RECORDS FOR PROCESSING:
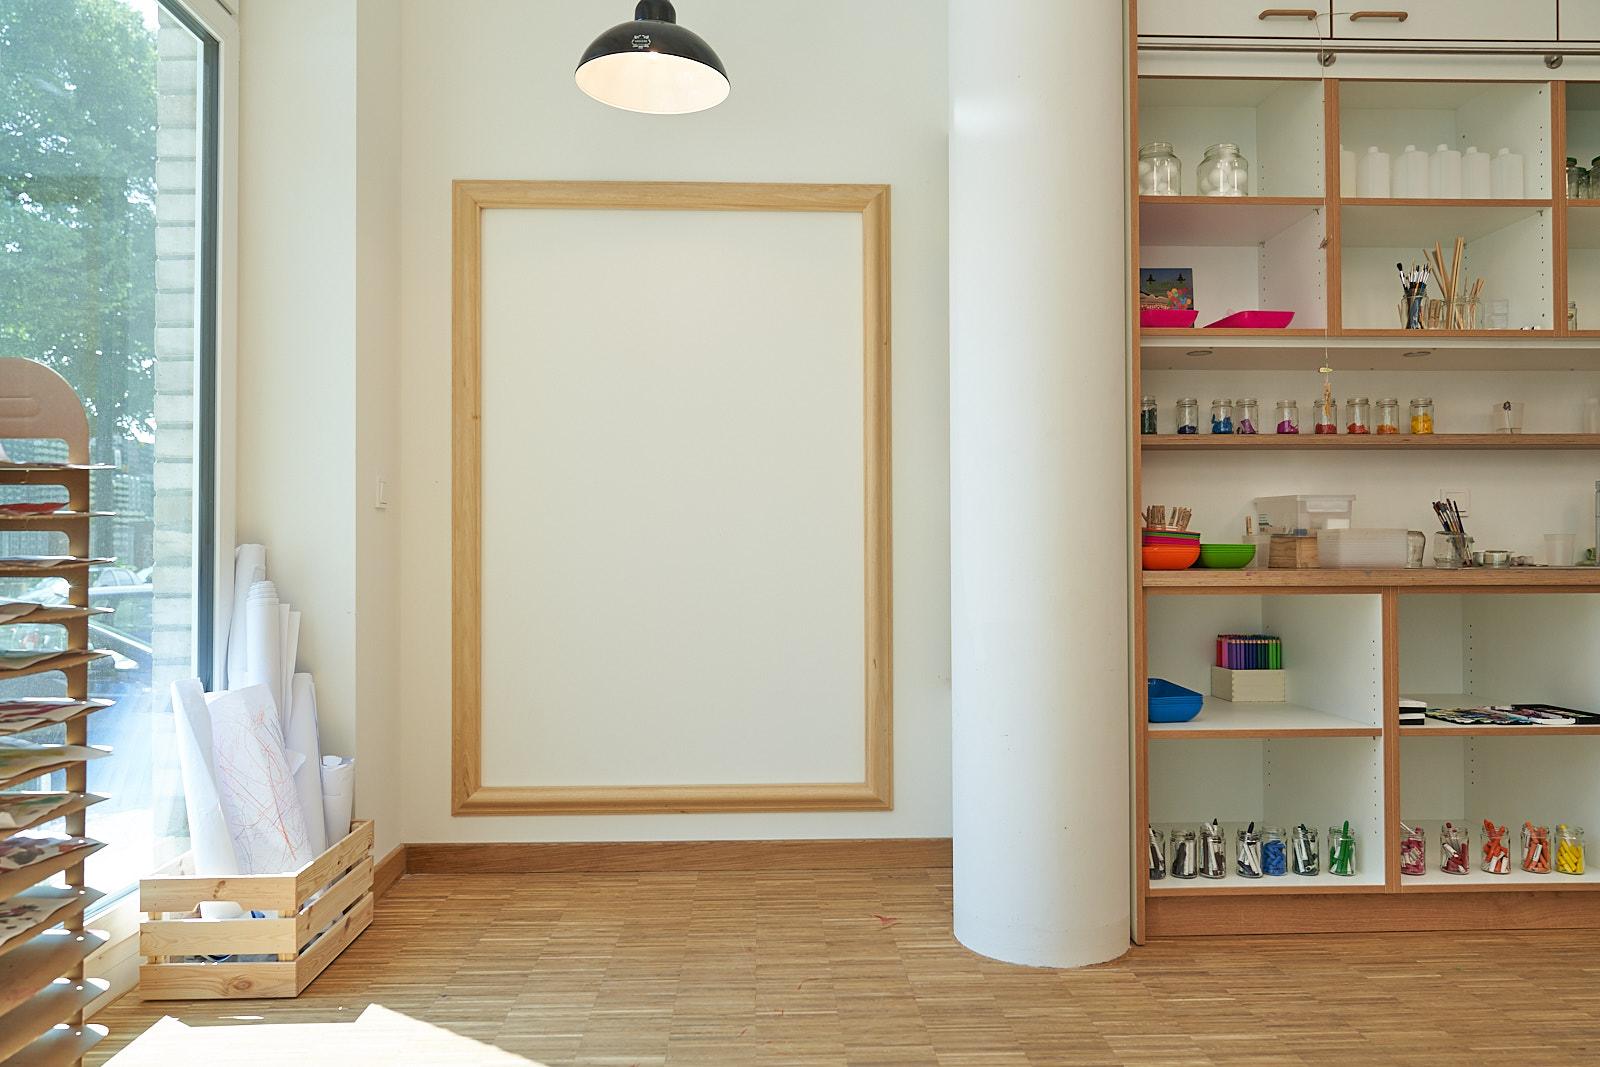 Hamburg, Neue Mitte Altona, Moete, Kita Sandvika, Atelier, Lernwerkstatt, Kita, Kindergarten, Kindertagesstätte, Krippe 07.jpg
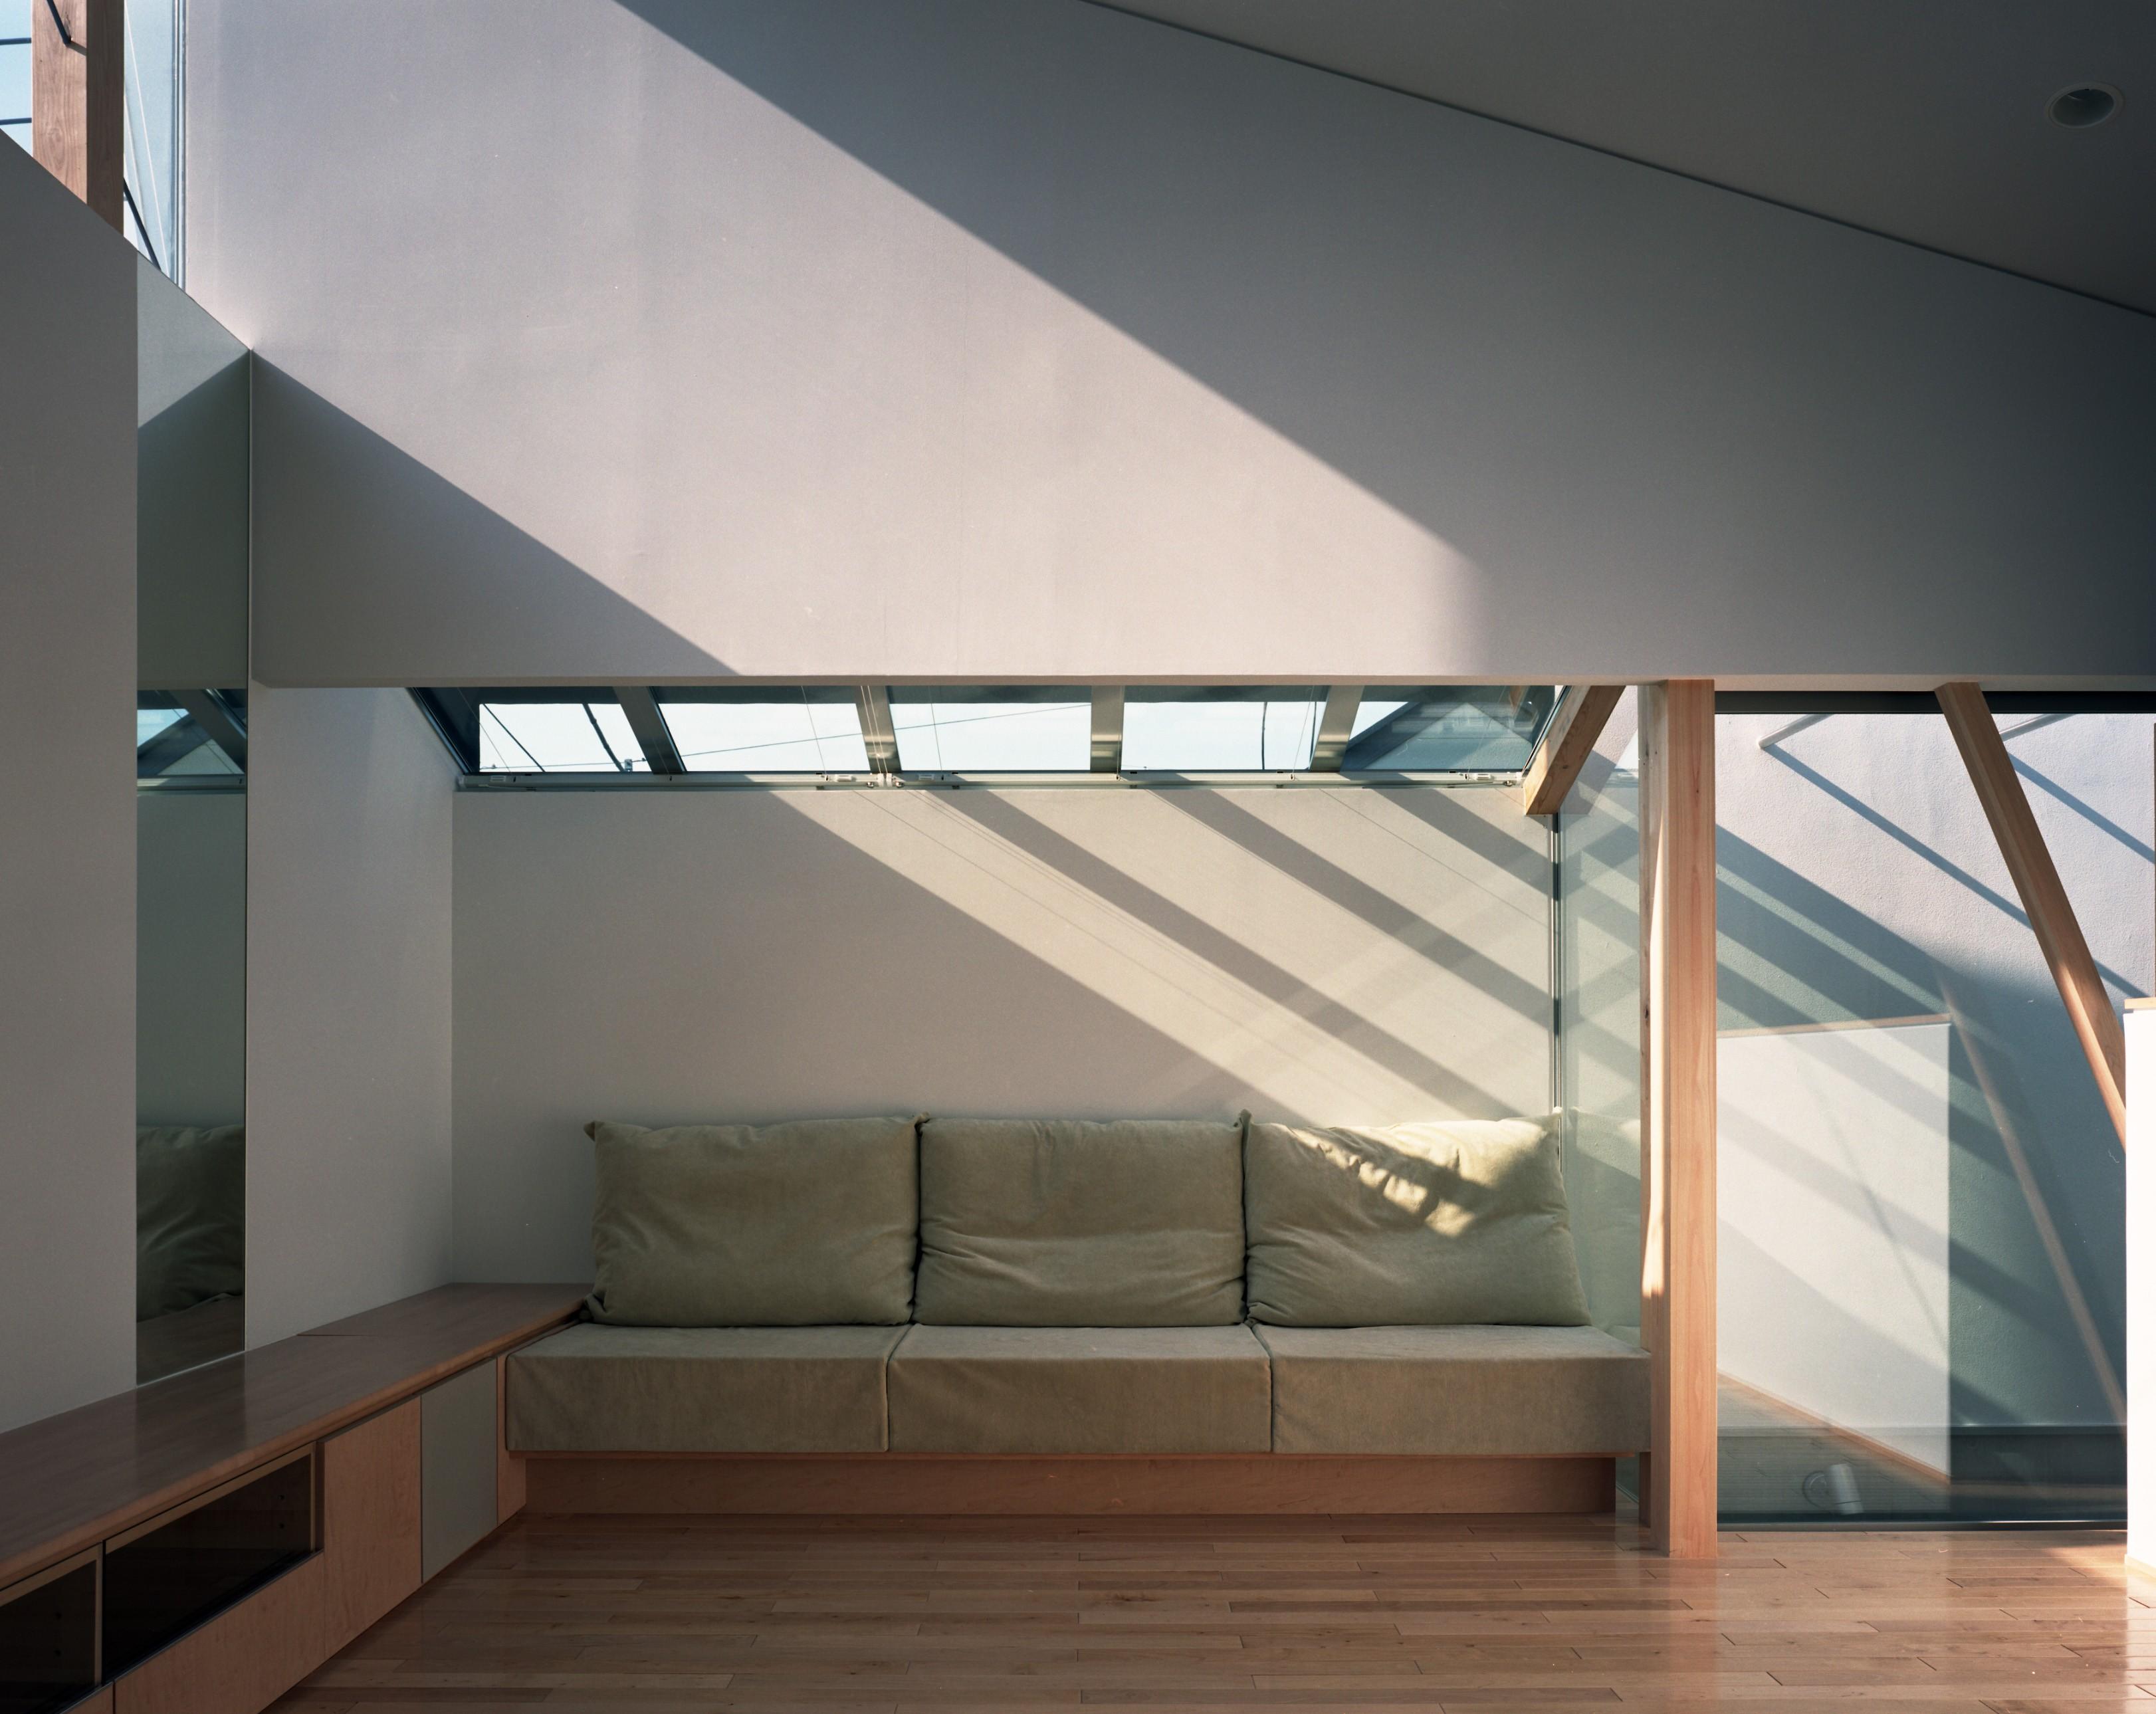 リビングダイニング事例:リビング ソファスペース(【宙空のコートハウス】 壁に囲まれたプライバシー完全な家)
==
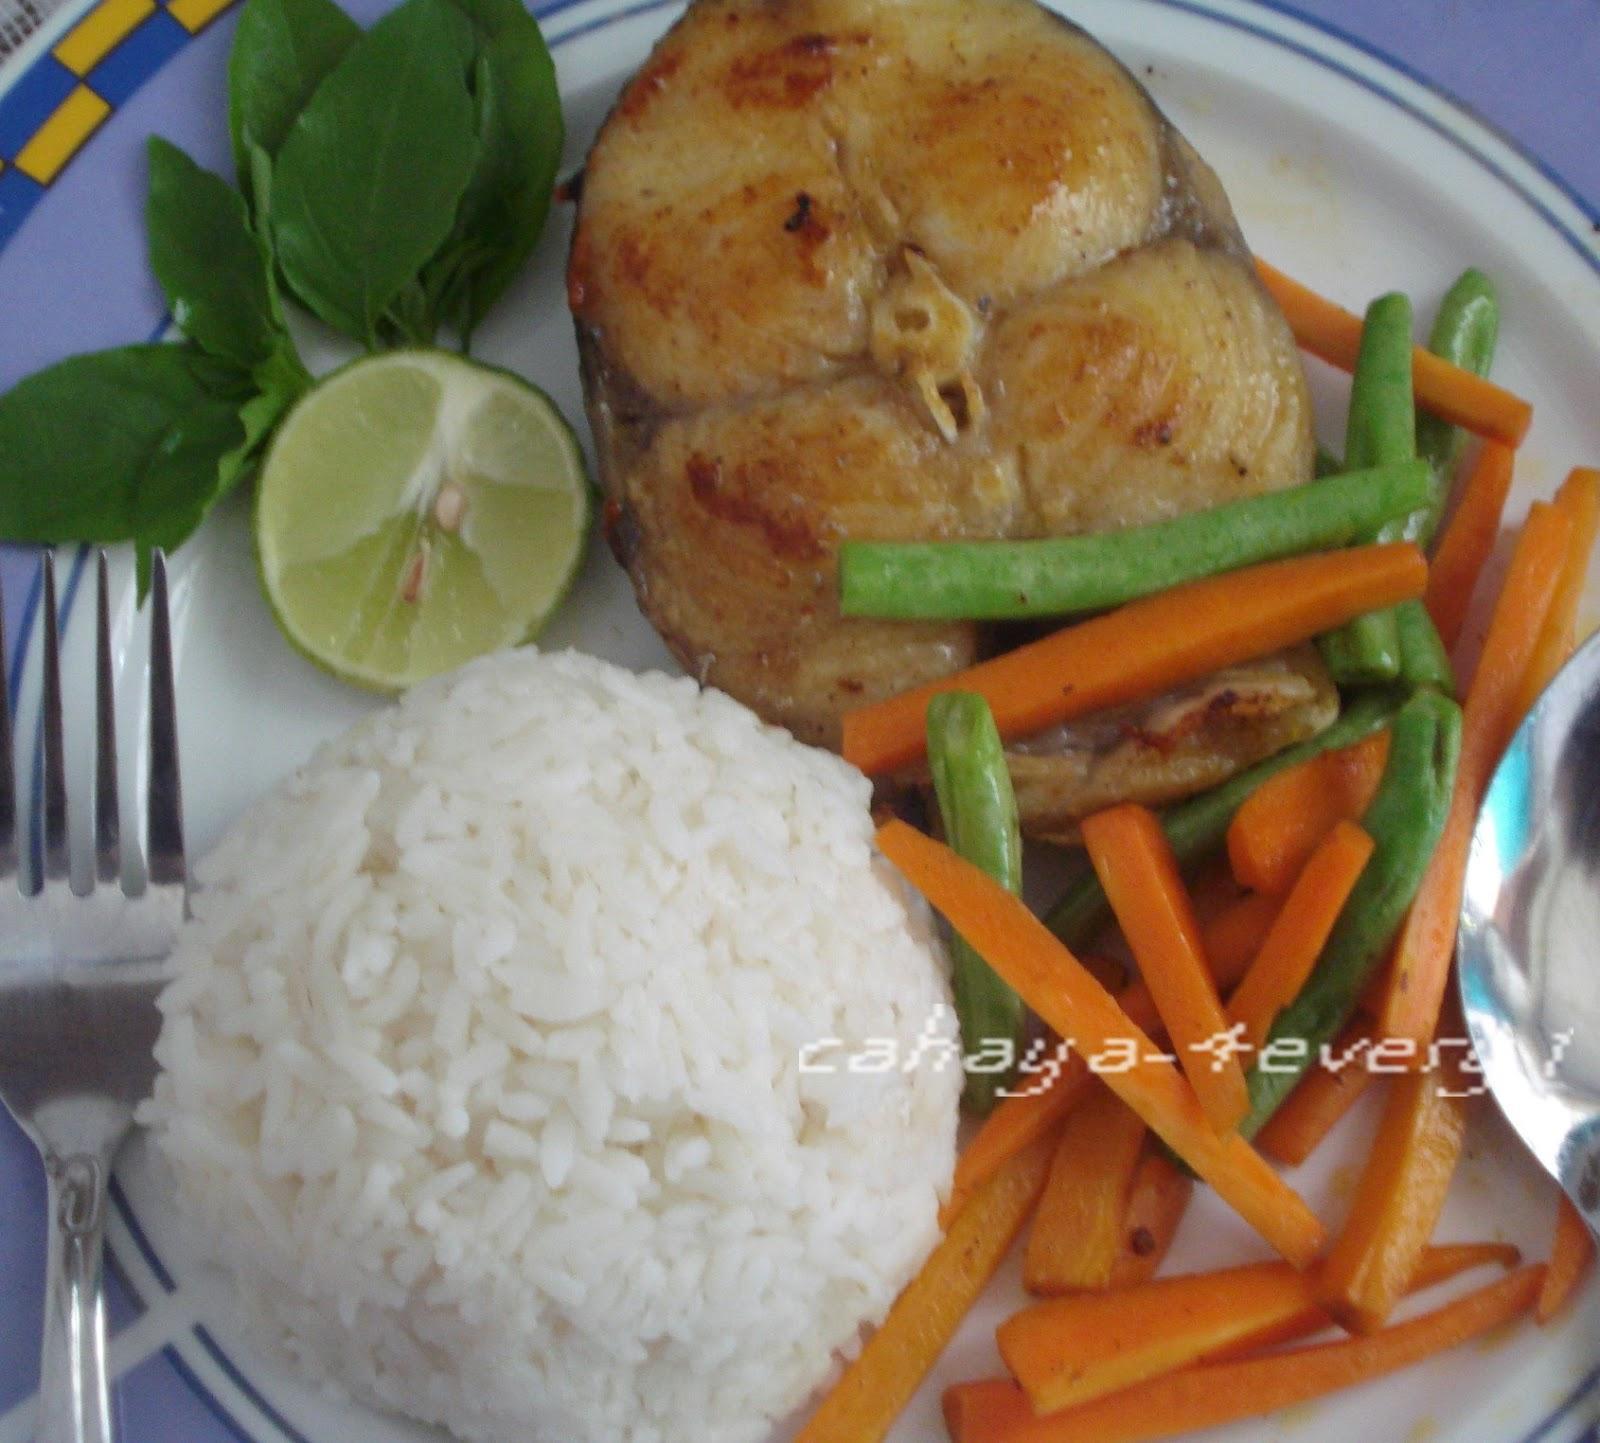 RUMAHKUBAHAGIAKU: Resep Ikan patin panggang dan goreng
...
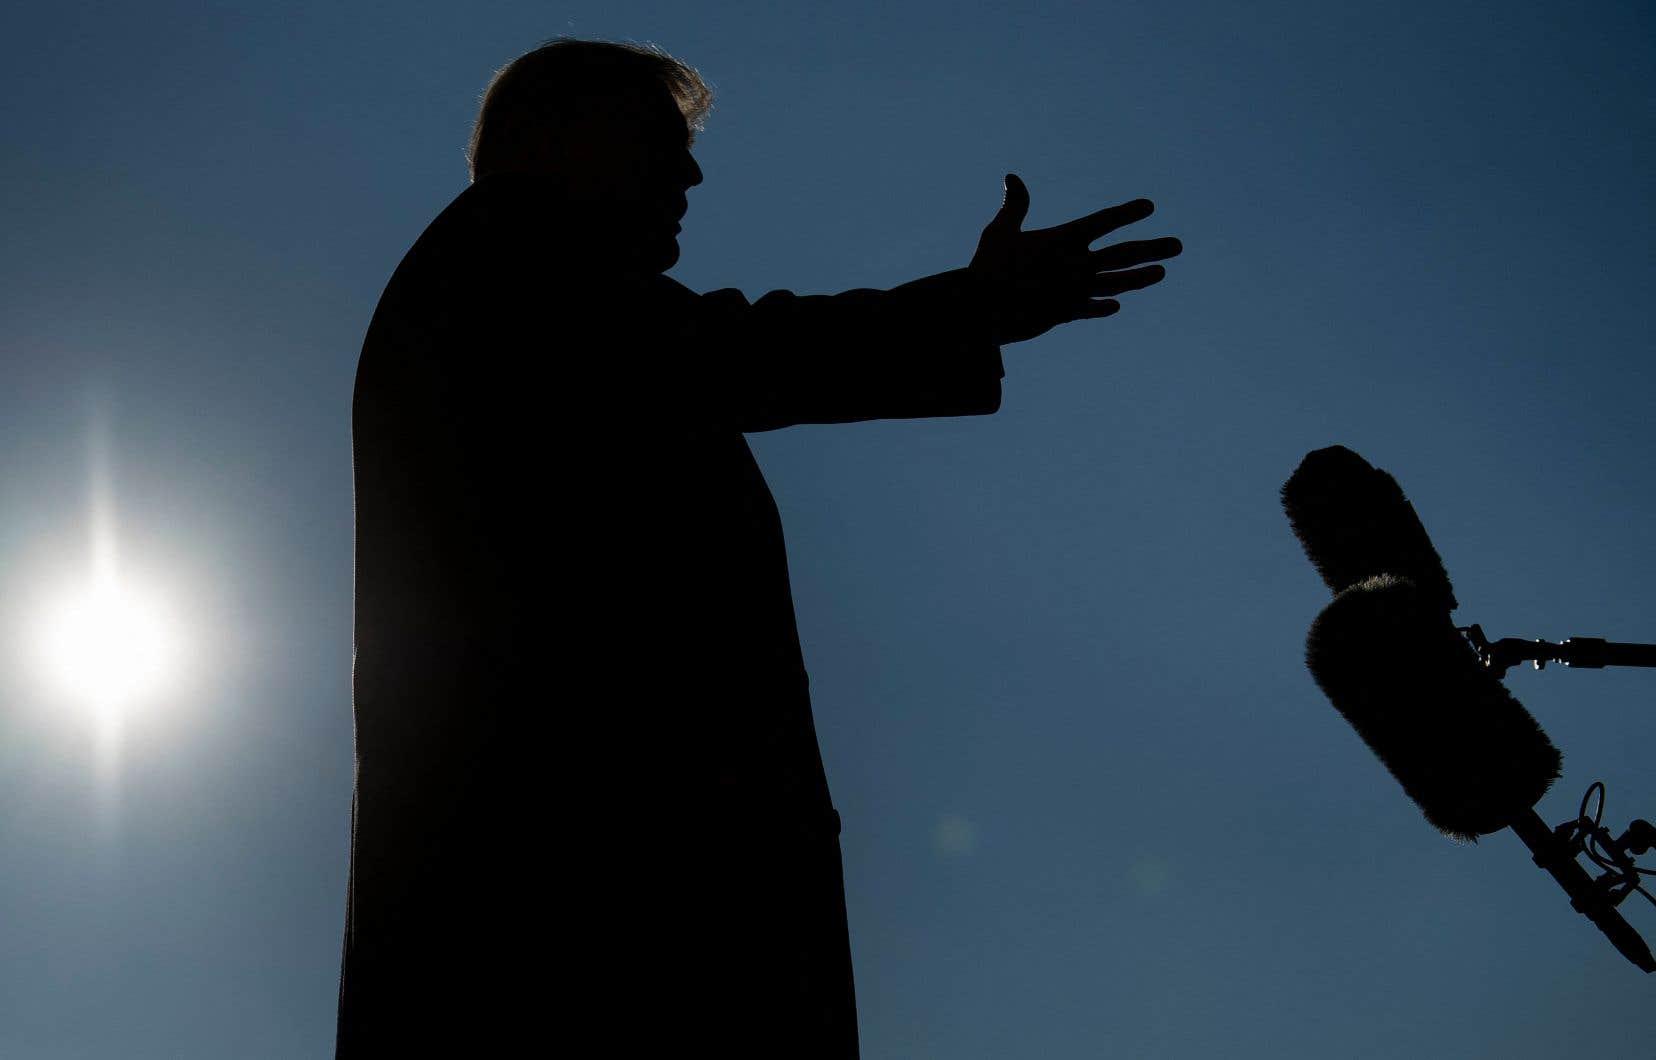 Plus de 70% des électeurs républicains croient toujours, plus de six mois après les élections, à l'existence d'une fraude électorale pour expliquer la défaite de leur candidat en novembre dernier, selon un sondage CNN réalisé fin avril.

WHAT YOU WILL DO:
I would like the exact lines from the data above, starting with the one that holds "Hamburg, Neue Mitte" and going on through the one that holds "リビングダイニング事例:リビング ソファスペース(【宙空のコートハウス】 壁に囲まれたプライバシー完全な家)", without the pictures.

SOLVED EXERCISE:
 Hamburg, Neue Mitte Altona, Moete, Kita Sandvika, Atelier, Lernwerkstatt, Kita, Kindergarten, Kindertagesstätte, Krippe 07.jpg
 リビングダイニング事例:リビング ソファスペース(【宙空のコートハウス】 壁に囲まれたプライバシー完全な家)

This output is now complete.